Recovery from anoxia of DLM evoked potential in wild-type and mutant flies. DLM-evoked potentials, which are present during baseline in both wild type and mutant Hypnos-1^N, are abolished within 20–25 sec of the start of the 5-min anoxic period. (A) A series of consecutive traces of evoked potentials in a single wild-type fly. Bottom trace is recorded at the end of anoxia or 0 min into reoxygenation, and evoked potential is still absent (bottom arrow). First evoked potential during recovery occurs at 2 min after the start of reoxygenation. Subsequent stimulation at 0.05 Hz shows persistent responsiveness. (B) A series of consecutive traces in a single hypnos-1^N mutant fly with a very severe phenotype. Even after 23 min and 40 sec into reoxygenation, no response was seen, and the first evoked potential elicited occurred at 25 min, followed at least once (★) by a failed response to stimulation. (C) Means ± SE of the time to first evoked potential (EP) in wild-type (C-S males) and Hypnos-1^N mutants. (D) Means ± SE of time to repetitive EP (10 consecutive stimuli at 0.05 Hz without failure) for the same two groups of flies. Stimulation parameters were 6 V, 0.3-msec duration at 0.05 Hz. [Bars = 1 msec (horizontal) and 10 mV (vertical).]
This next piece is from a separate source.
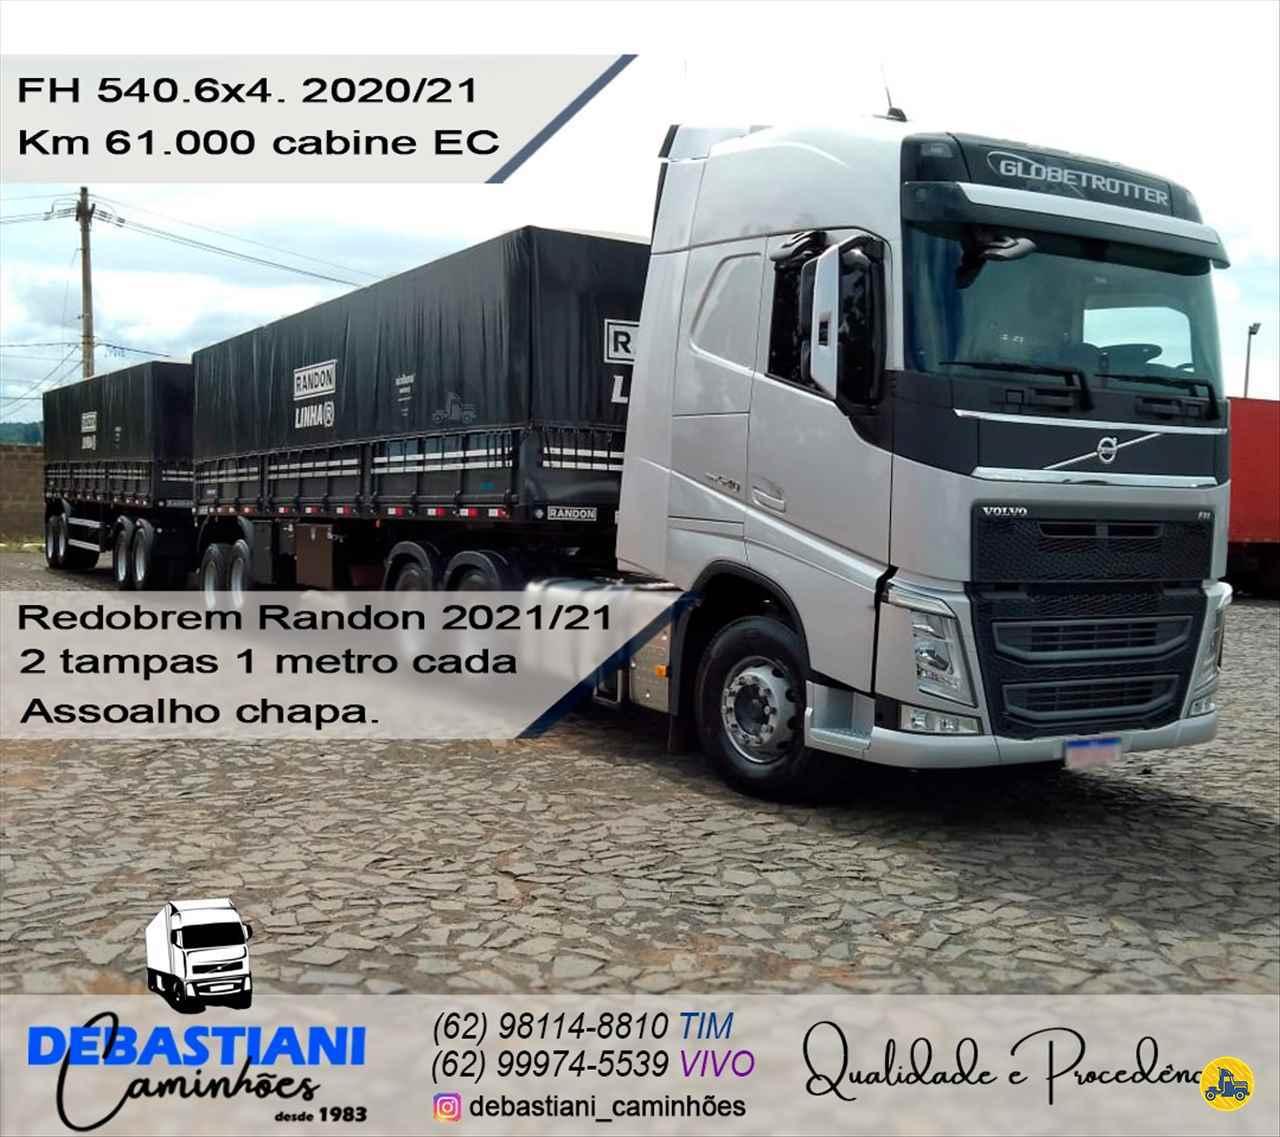 VOLVO FH 540 de Debastiani Caminhões - ANAPOLIS/GO

The current genetic screen is not saturated and is restricted to the X chromosome. However, that we had to screen more than 10,000 mutagenized flies to obtain three loci (with one locus hit twice) suggests that a limited number of genes can be mutated in Drosophila to produce similar phenotypes. Because these mutations profoundly disrupt the recovery from anoxia, we believe that this approach can be used effectively to dissect the genetic basis of responses to low O₂.

It is now becoming clear that in almost all aspects of biology, from ion channels (16–19) to embryonic development and to neural development (20–24), mammals and Drosophila use very similar complements of genes. Therefore, it is very likely that characterization of Drosophila genes necessary for recovery from anoxia will lead us to uncover molecular mechanisms in a variety of species, including mammals.